Who is liable under the CPA?

The CPA makes three categories of person liable automatically:

  1. producers: defined as the manufacturer of the product or (if the product is not manufactured) the person who carried out an industrial or other process which gave the product its essential characteristics;
  2. those who hold themselves out as producers by use labelling or trade mark; and
  3. importers into a Member State of the EU.

Interestingly, if the claimant who suffered the damage requests the supplier to identify an appropriate person from the above list and the supplier fails to do so within a reasonable period of time, the supplier (including any person along the chain of supply) may also be liable in place of the manufacturer. 

The CPA, therefore, makes it straightforward for claimants to identify a party to sue because (a) there are a number of different types of persons who can be sued and (b) the supplier must provide appropriate information to the claimant to enable them to sue the above listed categories of person.

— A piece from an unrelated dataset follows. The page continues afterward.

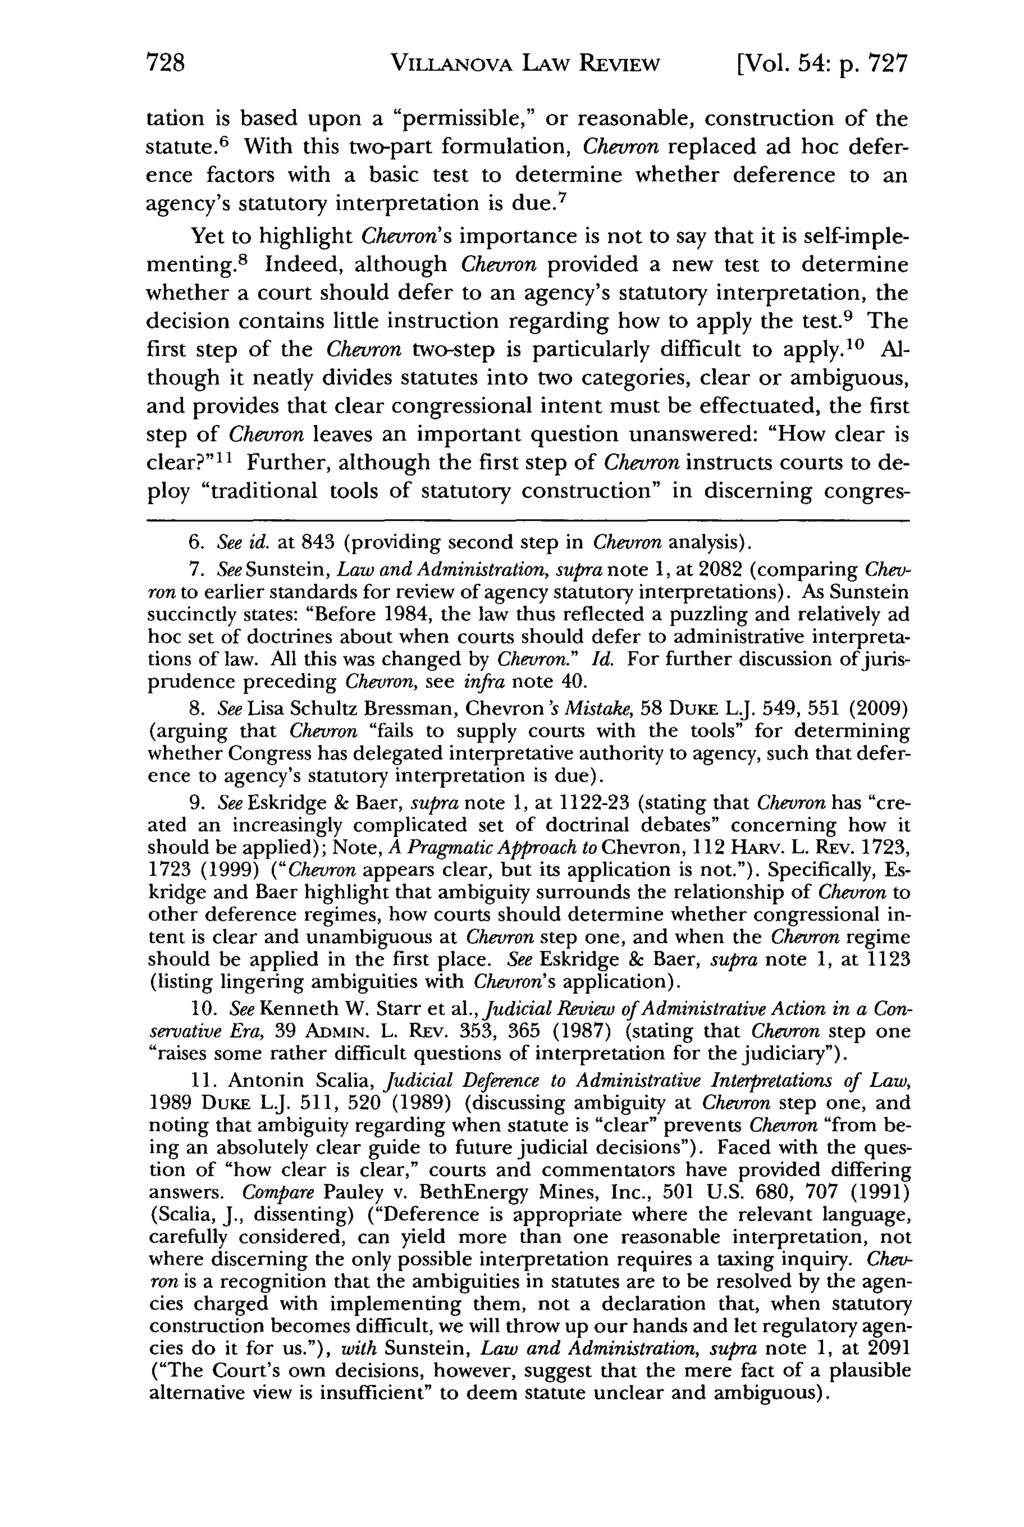 Villanova VILLANovA Law Review, Vol. LAW 54, Iss. REVIEW 5 [2009], Art. 2 [Vol. 54: p. 727 tation is based upon a "permissible," or reasonable, construction of the statute.

However, a problem might arise if the claimant follows numerous links of the supply chain only to find that it has since broken due to, for example, the company responsible having ceased to trade.

What defences are available to those being sued under the CPA?

The CPA makes six specific defences available to persons being sued under the act:

  1. The defect is attributable to compliance with any requirement imposed by or under UK or EU law.
  2. The defendant did not at any time supply the product to another, thus protecting producers in cases where products are stolen or where accidents occur before distribution.
  3. The defendant is a non-business party, e.g. someone who produces homemade confectionery or bakes food without a view to profit.
  4. The facts demonstrate that the defect did not exist in the product at the relevant time.
  5. Producers of component parts have a special defence if the defect exists in the final product that was wholly attributable to the design of the final product, or to compliance, by that component producer, with instructions given by the producer of the final product.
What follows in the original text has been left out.